Reseller Terms of Service

Authorized Reseller Agreement

This website is operated by eat-realsy. Throughout the site, the terms “we”, “us” and “our” refer to eat-realsy. eat-realsy offers this website, including all information, tools and Services available from this site to you, the user, conditioned upon your acceptance of all terms, conditions, policies and notices stated here.

By visiting our site and/ or purchasing something from us, you engage in our “Service” and agree to be bound by the following terms and conditions (“Terms of Service”, “Terms”), including those additional terms and conditions and policies referenced herein and/or available by hyperlink. These Terms of Service apply to all users of the site, including without limitation users who are browsers, vendors, customers, resellers, merchants, and/ or contributors of content.

This Authorized Reseller Agreement ("Agreement") is made and entered between realsy, Co-owner ("realsy"), a company incorporated and existing under the laws of Texas, with a principal place of business at 4442 Manning Ln, and any reseller that sells realsy products ("Reseller").

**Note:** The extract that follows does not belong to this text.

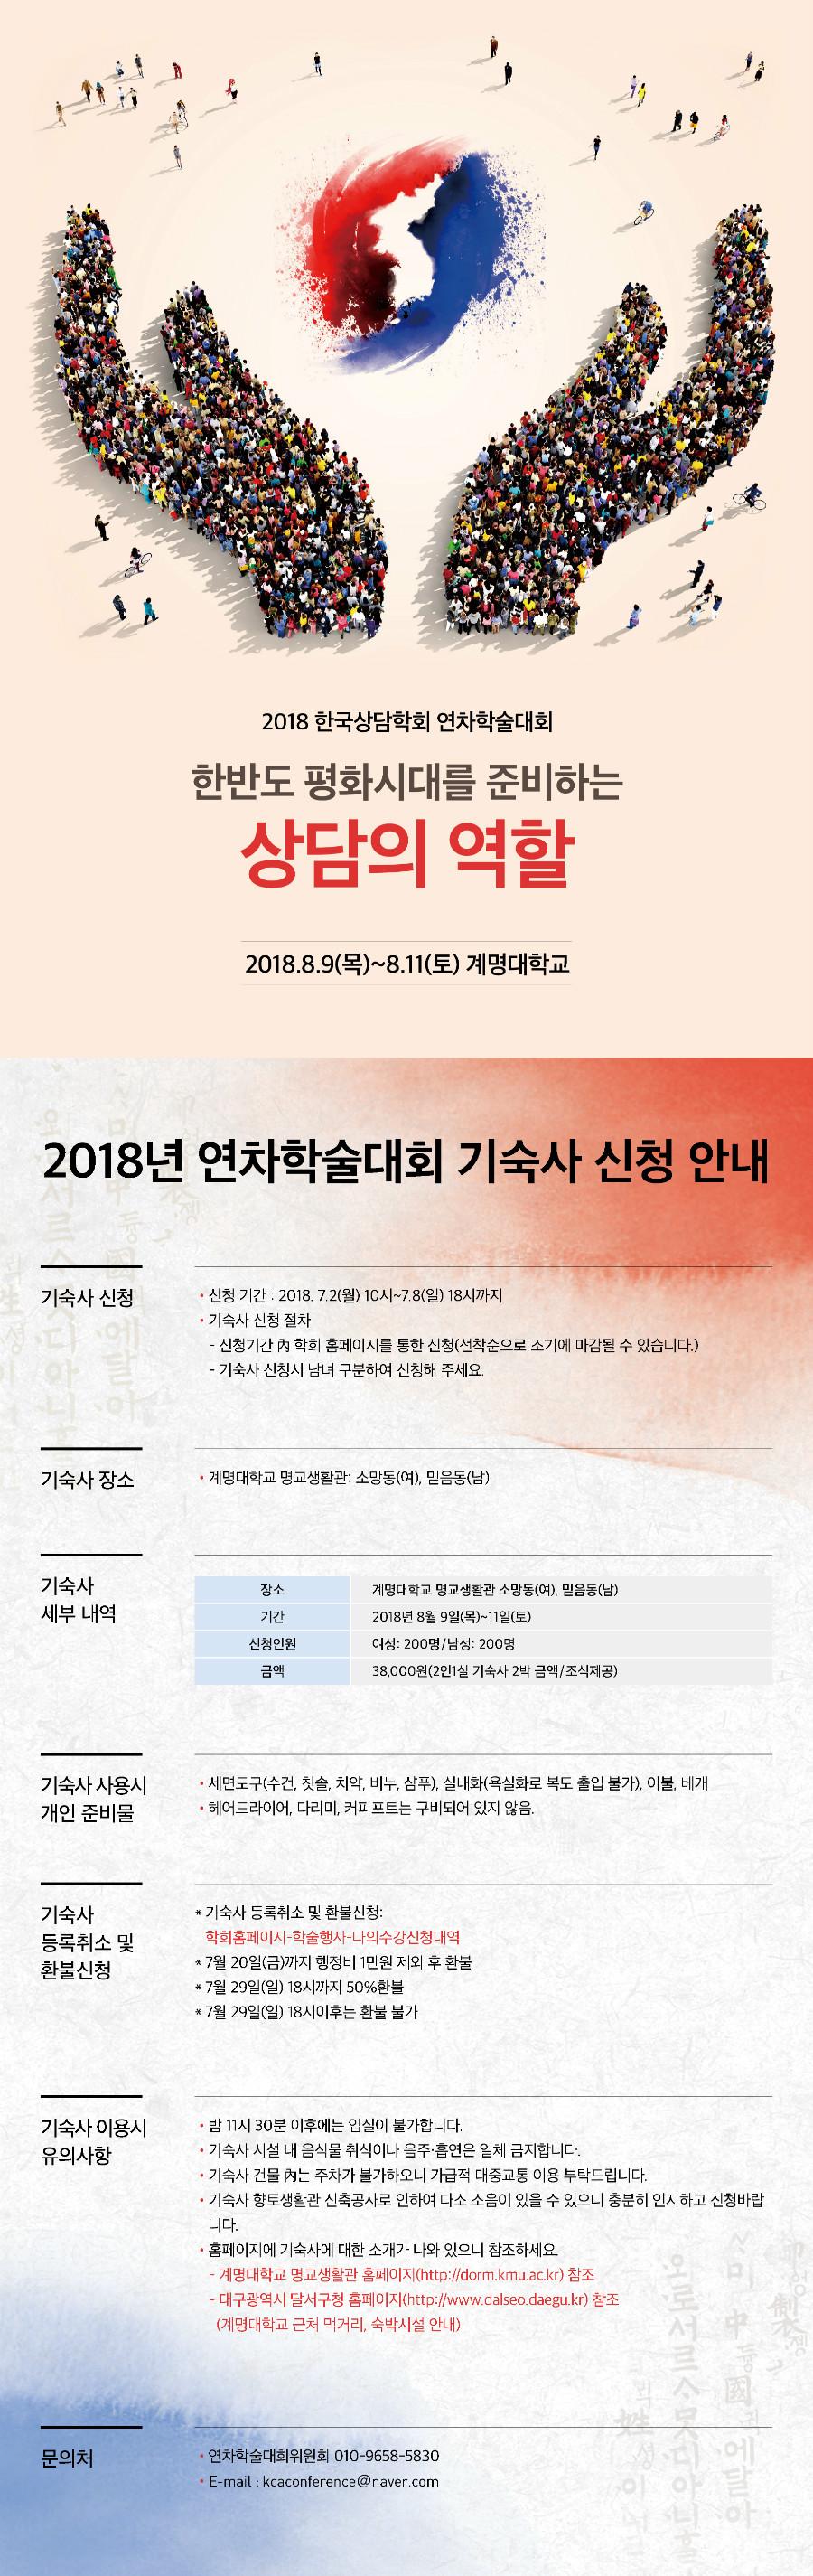 2018한국상담학회연차학술대회_홍보물 03기숙사신청안내.jpg

WHEREAS, Company is the owner of certain trademarks, copyrights, and other intellectual property rights associated with the realsy brand (collectively, "Intellectual Property"); and

WHEREAS, Company develops, manufactures, and sells certain consumer products (the "Products"); and

WHEREAS, Reseller desires to purchase and resell the Products; and

WHEREAS, Company desires to appoint Reseller as an authorized reseller of the Products subject to the terms and conditions set forth in this Agreement.

NOW, THEREFORE, in consideration of the foregoing premises and the mutual covenants contained herein, the parties agree as follows:

  1. Appointment and Grant of Authority. Company hereby appoints Reseller as a non-exclusive authorized reseller of the Products for resale. Reseller is authorized to purchase Products from Company at the Company's then-current wholesale prices.

  2. Minimum Advertised Price (MAP). Reseller agrees that it will not advertise, promote, or offer for sale any Products at a price lower than the minimum advertised price ("MAP") established by Realsy Foods, Inc. The current MAP cannot be lower than the price advertised on Realsy's primary website ( The MAP is subject to change by Company at any notice without written notice to Reseller. Reseller may inquire about the current MAP at any time by contacting Company or viewing it online at the Company's website.

  3. Marketing Requirements. Reseller agrees to portray the Products and Company in a professional and positive light in all its marketing and advertising materials. Reseller shall not make any false or misleading statements about the Products or Company.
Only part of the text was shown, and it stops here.